Нужно еще раз подчеркнуть: гигантскую услугу создателям самостийной Украины оказали русские профессора и Российская Академия Наук в целом . Благодаря этой «научной» поддержке Россия не сделала ничего для уничтожения заразы самостийничества не только в зарубежной тогда Галиции, но и у себя дома – в Малороссии. А потом, пришедшие к власти большевики, под чутким руководством Лазаря Моисеевича Кагановича наштамповали 30 миллионов украинцев . Себе на будущую погибель.

И эту фатальную ошибку уже не могло изменить позднейшее раскаяние Милюкова в 1939 году, когда в «Последних Новостях» он признался в том, что в «украинском вопросе» он опростоволосился: «Мы не достаточно отдавали себе отчет в том, что «украинцы», борясь вместе с нами против старого режима, в действительности шли дальше, и вели борьбу против России». Большевики же за социал-демократическими устремлениями небольшой части «национально озабоченных» не разглядели основной черты всех без исключения самостийников – их патологической антирусской направленности.

Однако вернемся в начало 1917 года. Февральская революция года опять оказывает огромные услуги малорусскому сепаратизму. В своей речи, произнесенной 2 марта 1917 года, министр иностранных дел П.Милюков заявляет следующее: «Быть может, на этом посту я окажусь и слабым министром». Он не ошибся.
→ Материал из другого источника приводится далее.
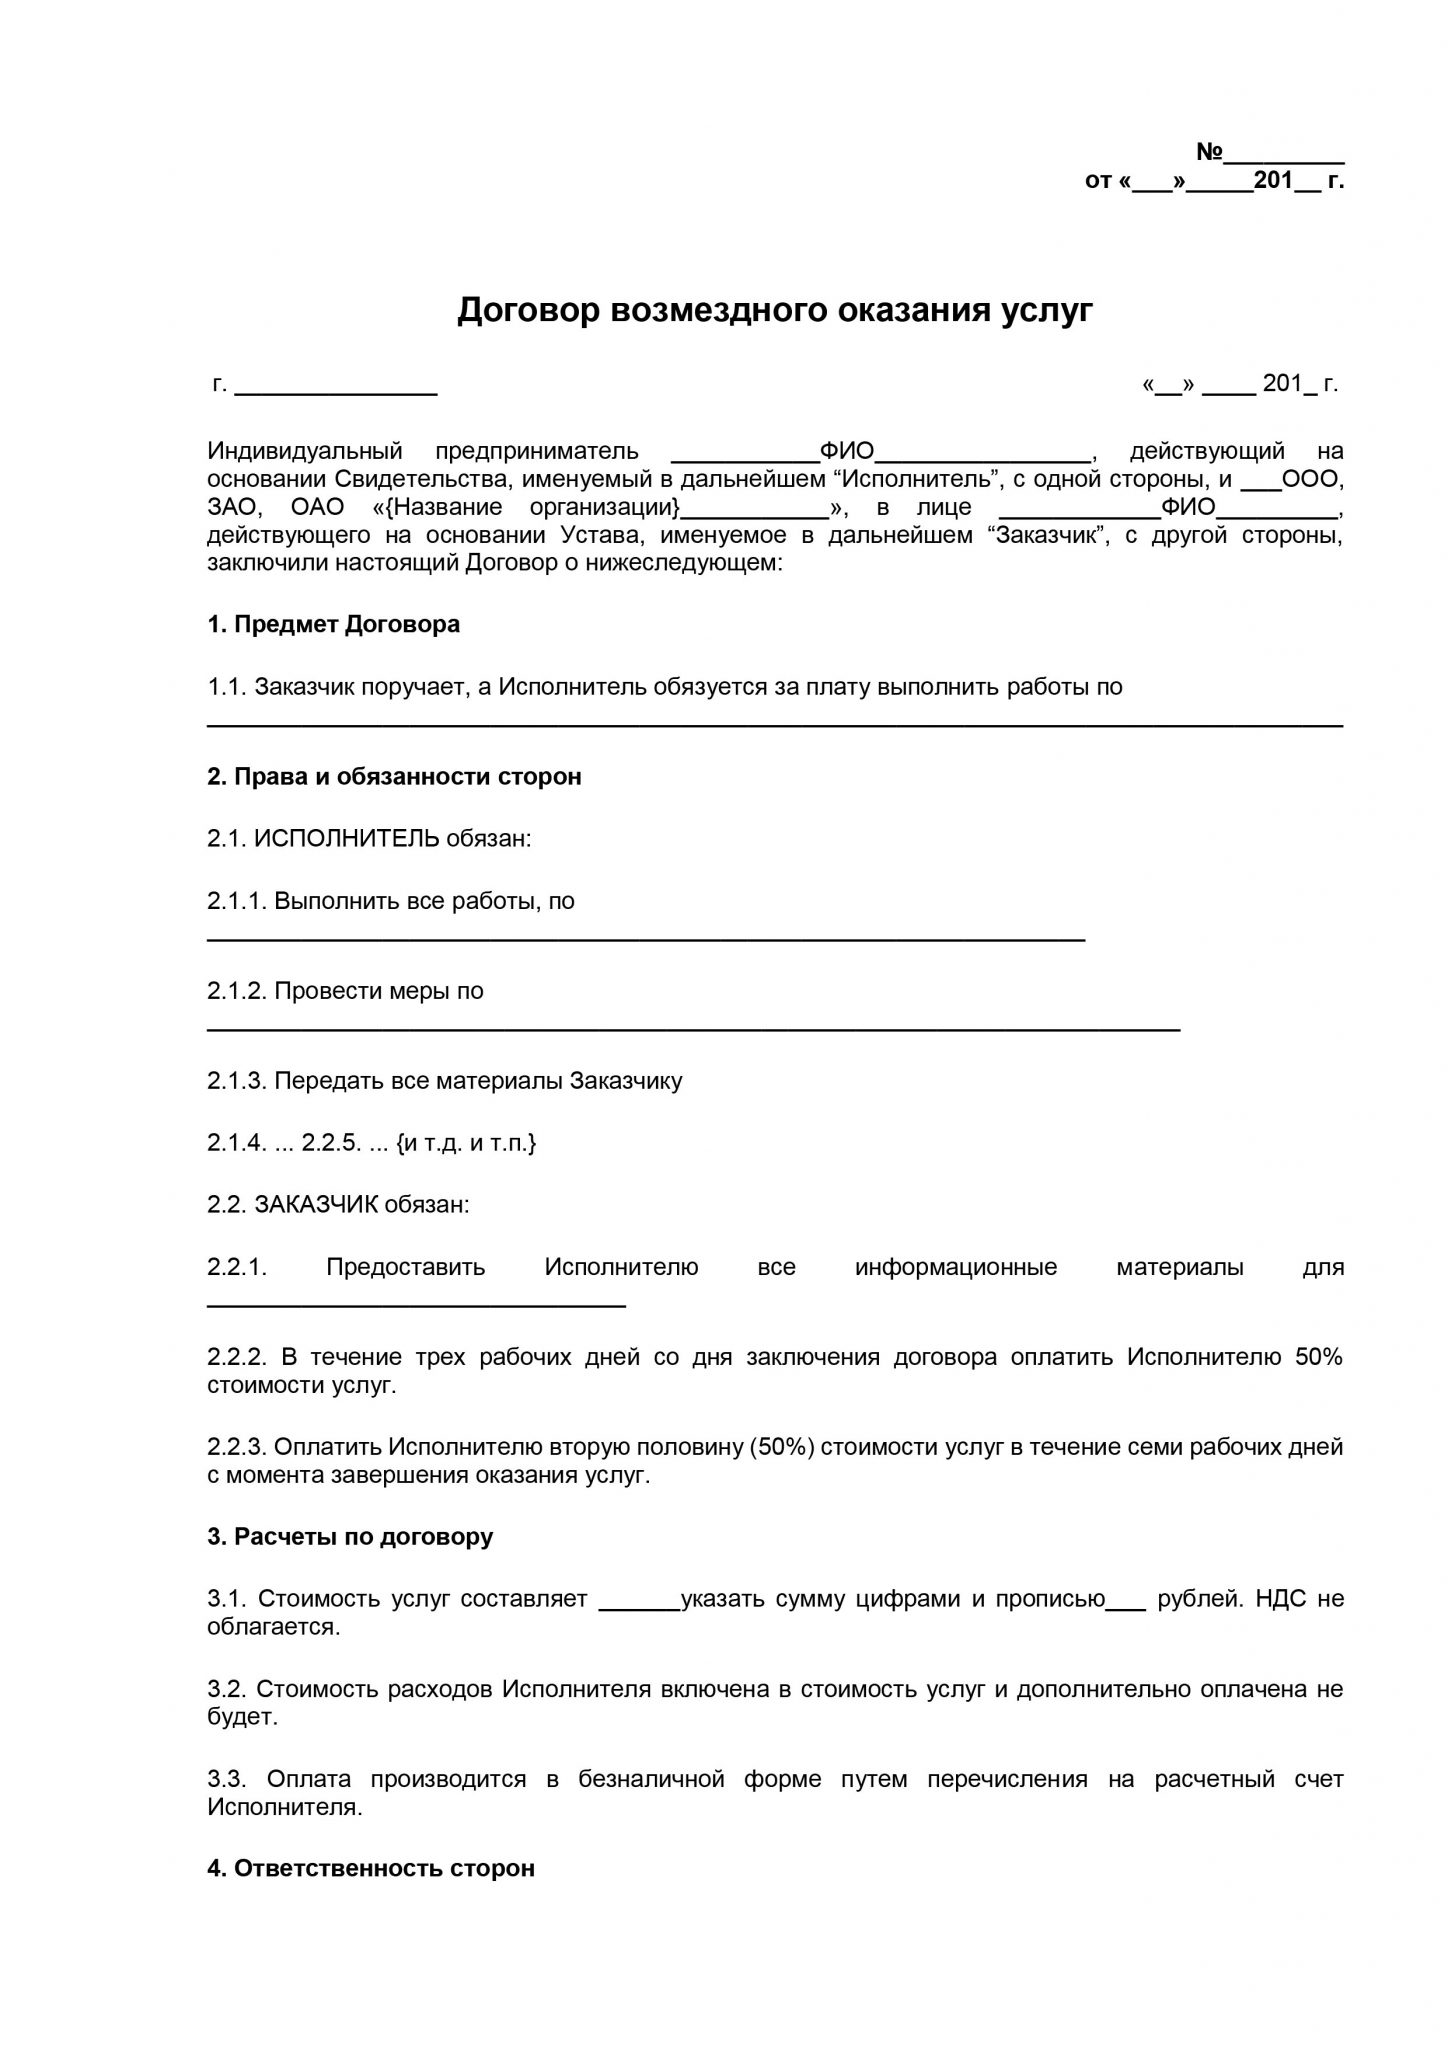 Договор ООО С ИП на оказание услуг образец 2020

В первом своем заявлении о задачах русской иностранной политики, сделанном 9 марта 1917 года представителям большой петроградской печати, он только слегка затронул вопрос о судьбе Прикарпатской Руси, отметив, что украинцы в Галиции, если пожелают, могут объединиться с украинцами, заселяющими Россию. Милюков, как министр иностранных дел, перед изумленным миром подтвердил существование отдельного украинского народа ,одним своим словом он превратил Галицкую Русь с ее тысячелетней историей в Галицкую Украину, а галицких русинов сделал «украинцами». Судьбу этой искони русской земли он поставил в зависимость не от России, а от «Украины», вверив заботу об этой стране не русским, а «украинцам», Милюков, как министр иностранных дел, разделил русский народ на два: русский и украинский.

С этого момента защитницей Юго-западной Руси становится не Россия, а мифическая «Украина».

4 апреля 1917 года в Москве состоялось общее собрание уроженцев и деятелей Холмщины, которое послало следующую телеграмму украинскому Конгрессу, который должен был собраться 7 – 8 апреля в Киеве: «Второе общее собрание эвакуированных в Москву холмщан просит радостно приветствовать украинский Конгресс, собравшийся для объединения всех украинских земель и заявить ему о горячем желании Холмщины присоединиться ко всему украинскому народу. Холмщина всегда входила в состав земель Малой России, жила одной жизнью с соседними Волынью и Галичиной и до настоящего времени сохранила свою русскую народность, свой великий вековой уклад жизни и исповедует единую со всей Русью православную веру. Временное обособление Холмщины от родственных ей земель и включение ее на Венском конгрессе в состав Царства Польского имело для ее религиозной, национальной и культурной жизни весьма вредные последствия. Общее собрание непоколебимо убеждено в том, что оставление крестьянской Холмщины за государственно-политической границей Руси в пределах самостоятельной Польши неминуемо повлечет за собой полную религиозную, национальную и общественно-экономическую гибель крестьянских масс Холмщины. Настойчиво просим украинский Конгресс включить Холмщину в состав объединенных украинских земель ».

В тот же день общее собрание холмщан подает министру внутренних дел записку о нуждах Холмщины: «Объявленный акт Временного правительства о независимости Польши не говорит ни одним словом о том, какая судьба постигнет Холмщину. По вопросу о национальном самоопределении собраниями холмщан приняты следующие резолюции:

Оставление Холмщины в пределах Польши собрание считает недопустимым.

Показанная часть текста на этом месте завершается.